Usually, gold tends to drop when the rupee gains since the US dollar to buy it from abroad is lower.

“The appreciation of the rupee itself has lowered the prices of gold by ₹700-800 (per 10 gm),” said Mehta.

US dollar fares well globally

On the other hand, the US dollar has performed well against other currencies, barring the UK pound and Chinese yuan.

The dollar has gained as the US economy is expected to recover and the

US government clearing a $1.9 trillion stimulus programme to help the economy hit by Covid-19 to recover.

Over the past month, the US dollar has gained against almost all currencies barring the UK pound, Canadian dollar and Chinese yuan. The index has hit a crucial 91, a key hurdle that could result in the Greenback rising further.

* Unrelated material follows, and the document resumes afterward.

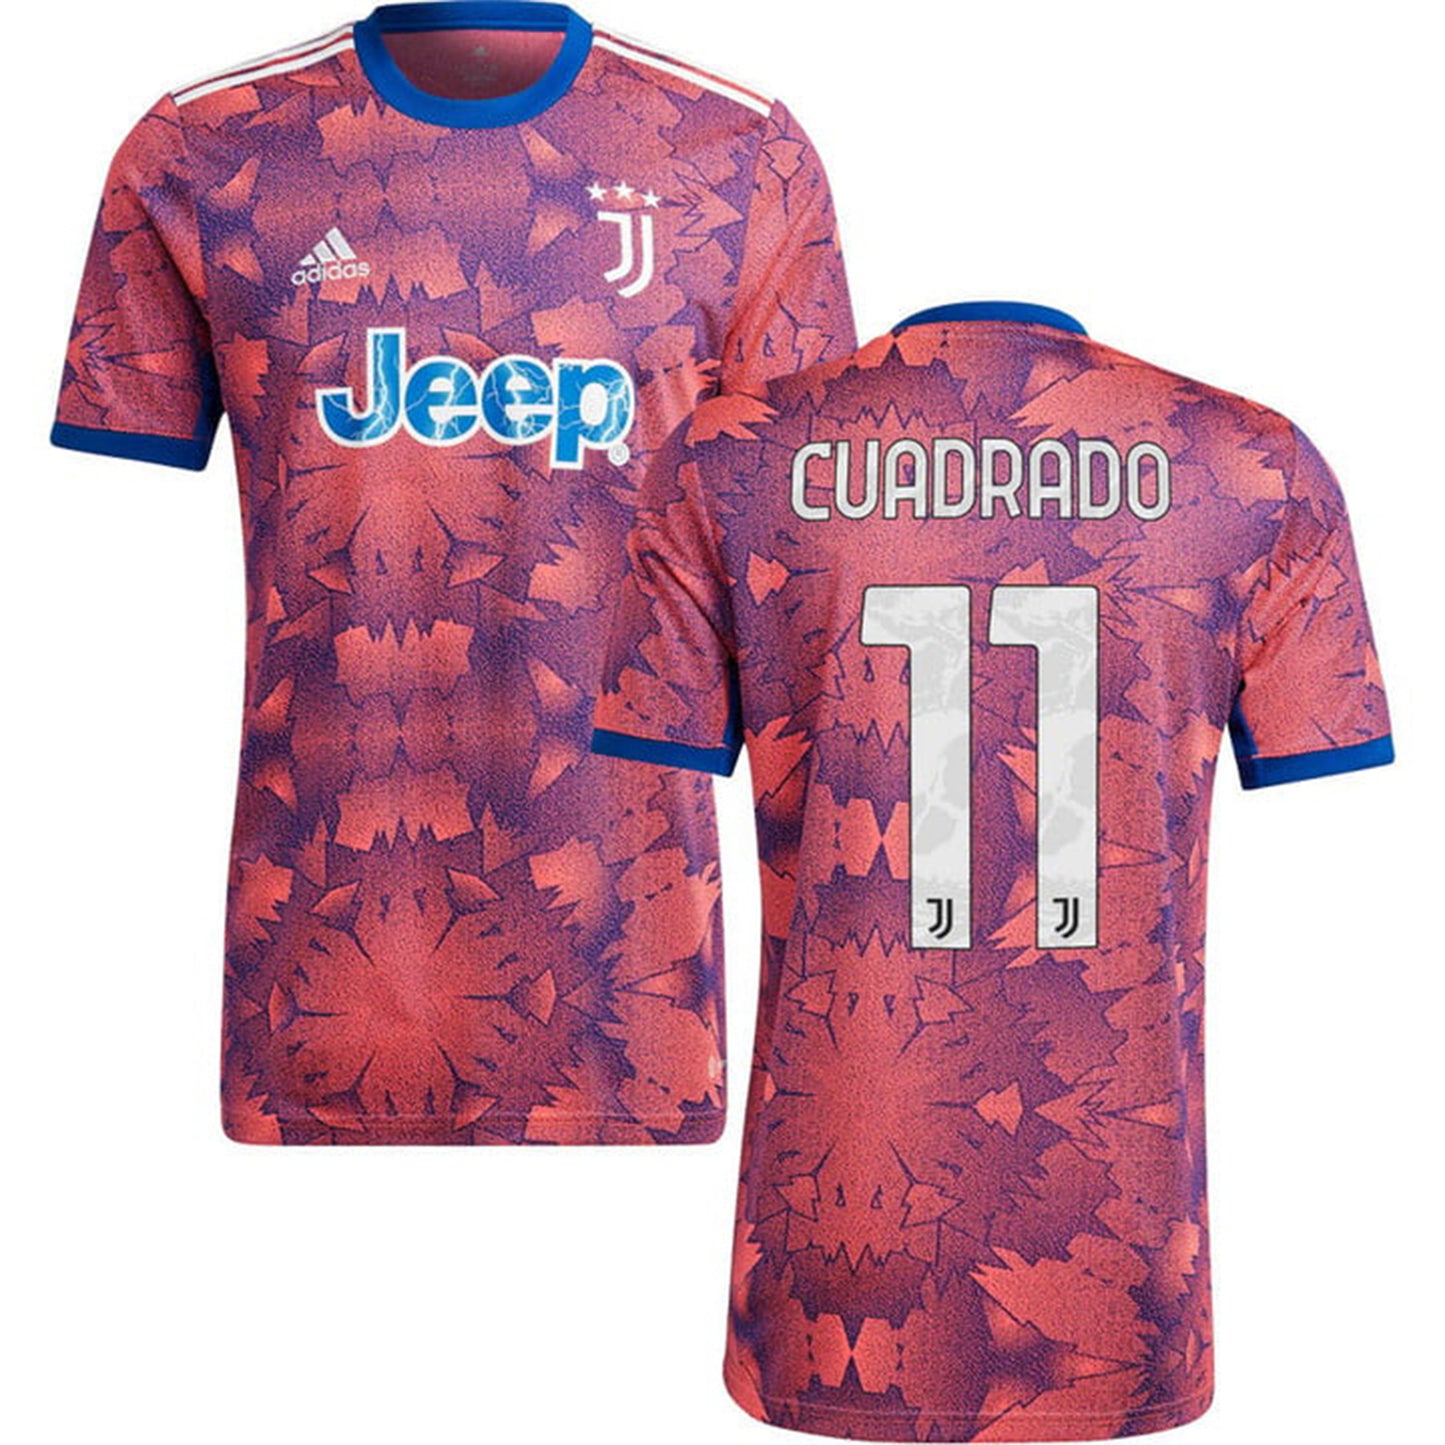 Juan Cuadrado Juventus 11 Jersey

“The dollar index is not supporting the yellow metal resulting in its fall globally”, said Mehta.

The third reason for the precious metal losing sheen is the yield for bonds in the US rising.

“As bond yields are increasing, the opportunity cost of hold gold increases. This leads to change in the portfolio of investors,” said Commtrendz Research Director Gnanasekar Thiagarajan.

Investors’ appetite for risks

The fourth reason is that investors find it more lucrative to opt for equities than other asset classes such as gold.

“The stock market has gained on bullish economic outlook. The market seems to have an appetite to pick up riskier assets now,” said World Gold Council Managing Director – India P R Somasundaram.

Industry experts are finding it difficult to zero in on the exact reason for investors flocking to the stock market and take risks.

“Gold is not enjoying the haven status it enjoyed last year,” said Thiagarajan.

Last year, investors flocked to gold as stock markets crashed on a gloomy economic outlook given the spread of the novel Coronavirus (Covid-19) pandemic.

That outlook has now given way to optimism, particularly with vaccines being found to tackle the pandemic. The bullish outlook is despite reports of new strains of Covid being found in Europe and Africa.

The lower interest rates have also forced investors to put their money in the stock markets.

As a result, Dow Jones has gained three per cent since the beginning of this year at 31,555. The S&P 500 has gained 4.34 per cent at 3,919.78.

In India, the Sensex has gained 7.5 per cent to surge to a record 51,313.

The equities market had a poor run last year until August before they rebounded to gain handsomely.

Fundamentals strong

“The long-term fundamentals for gold is strong, though investors are looking at the bullish economic outlook,” WGC’s Somasundaram said.

“Gold will gain when the stock market begins correction. For the time being, the precious metal will be range-bound,” said Commtrendz’ Thiagarajan.

Bullion association’s Mehta said that a 2-3 per cent fall in gold prices was inevitable after prices surged.

“Prices have bottomed out. There may not be any major fall further,” he said.